Recorded information:
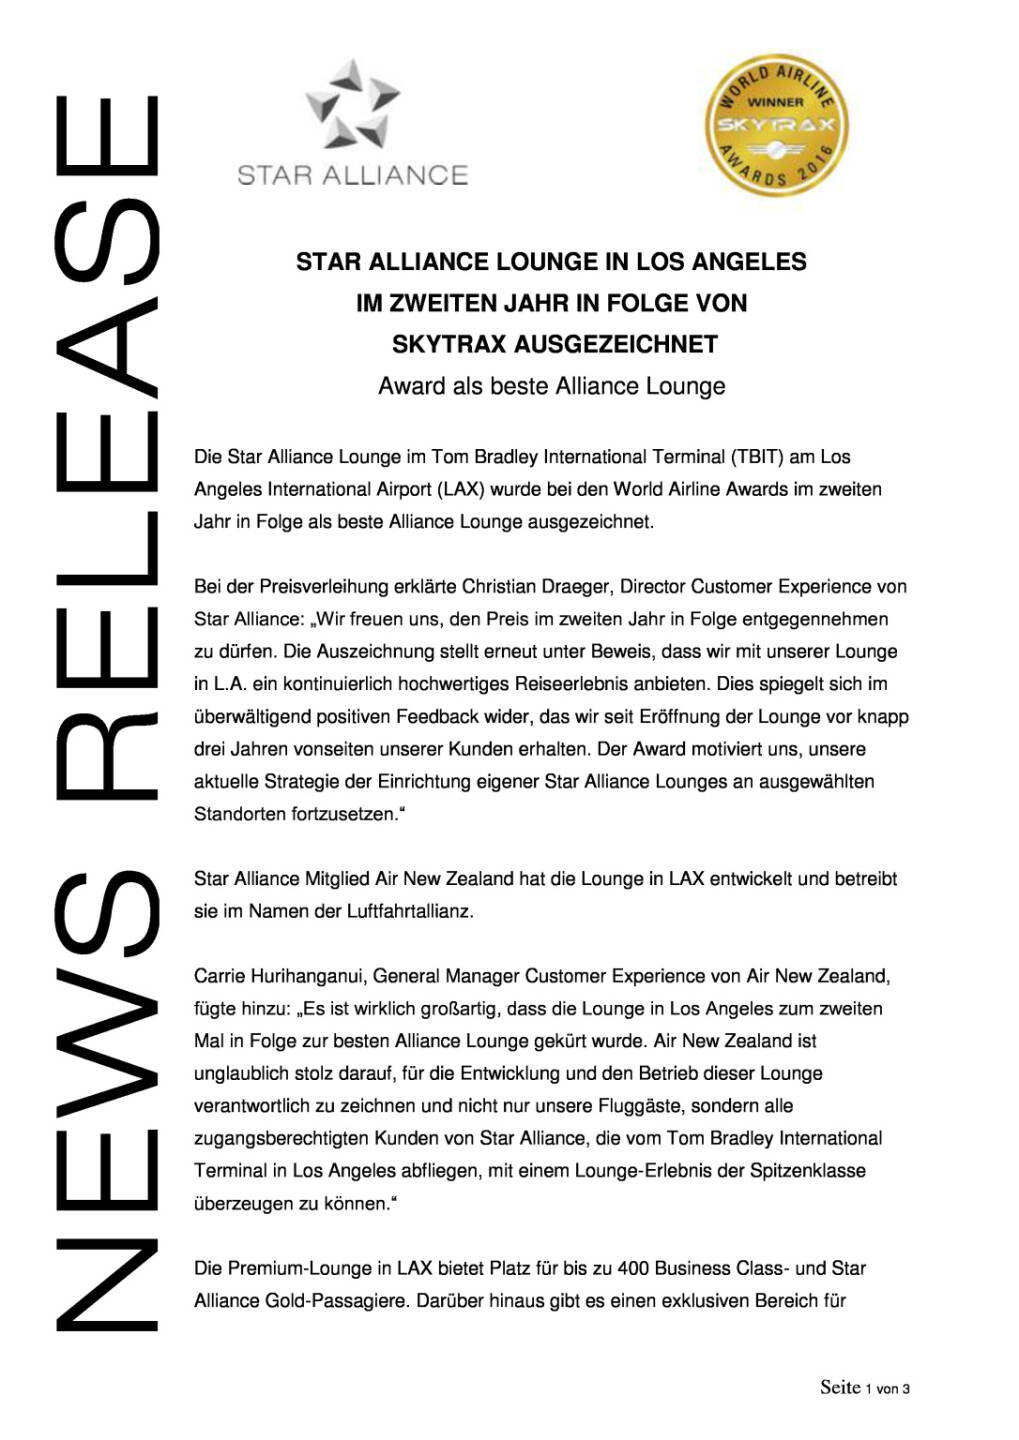 Star Alliance Lounge in Los Angeles: Award als beste Alliance Lounge, Seite 1/3, komplettes Dokument unter http://boerse-social.com/static/uploads/file_1423_star_alliance_lounge_in_los_angeles_award_als_beste_alliance_lounge.pdf
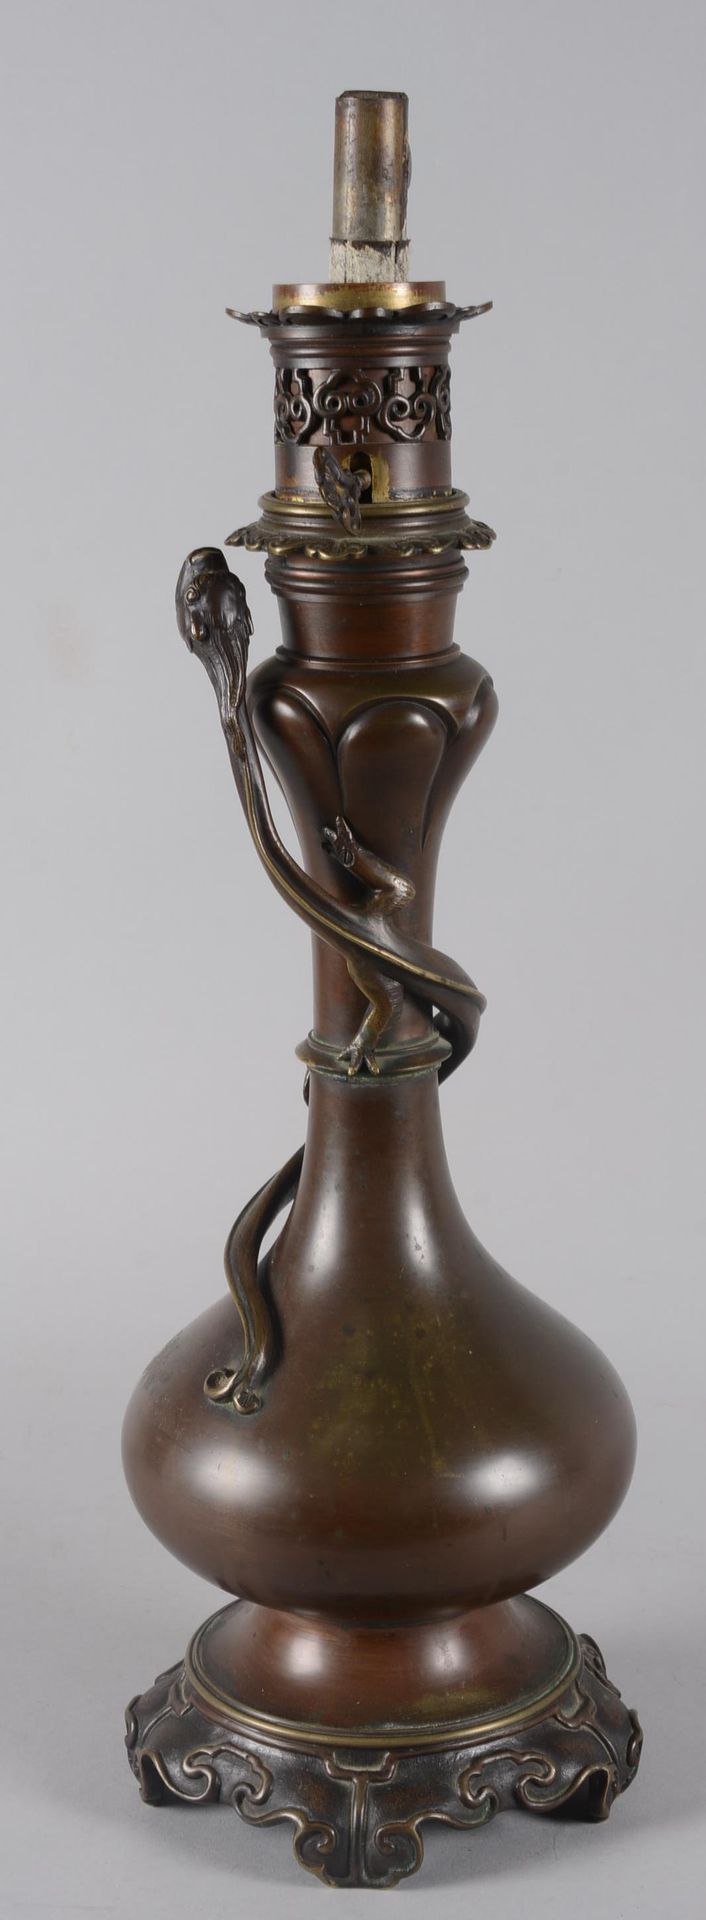 Lampe en bronze à décor d'un lézard GIAPPONE.

Lampada in bronzo decorata con un&hellip;
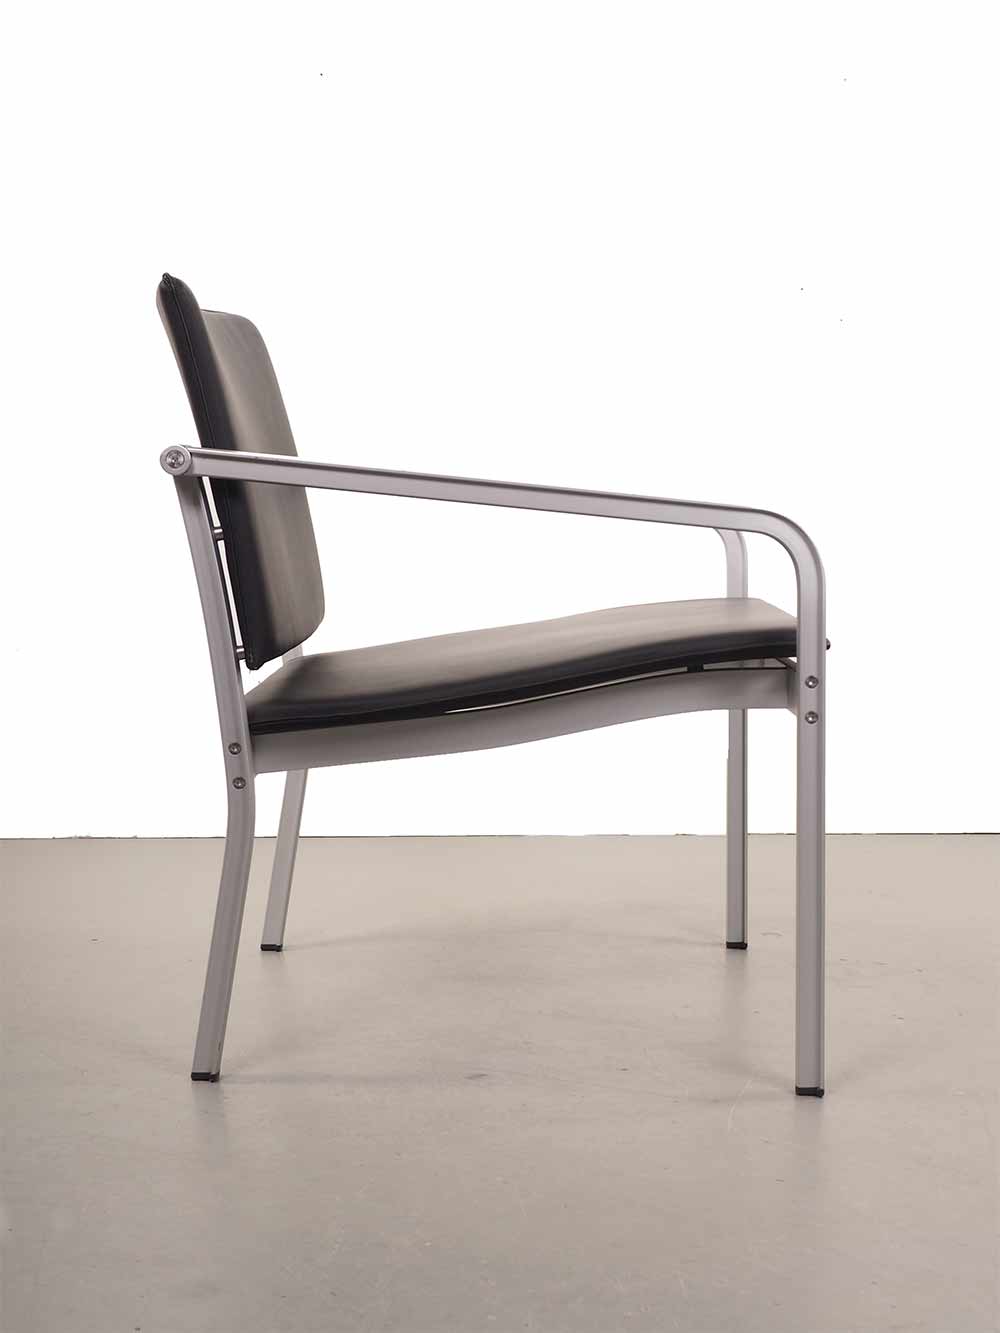 THONET LOUNGE stoel aluminium zwart leer roter punkt essen

The task:
What you produce must match the listing word for word, with no images in it.

Answer for this exercise:
 Star Alliance Lounge in Los Angeles: Award als beste Alliance Lounge, Seite 1/3, komplettes Dokument unter http://boerse-social.com/static/uploads/file_1423_star_alliance_lounge_in_los_angeles_award_als_beste_alliance_lounge.pdf
 Lampe en bronze à décor d'un lézard GIAPPONE.

Lampada in bronzo decorata con un&hellip;
 THONET LOUNGE stoel aluminium zwart leer roter punkt essen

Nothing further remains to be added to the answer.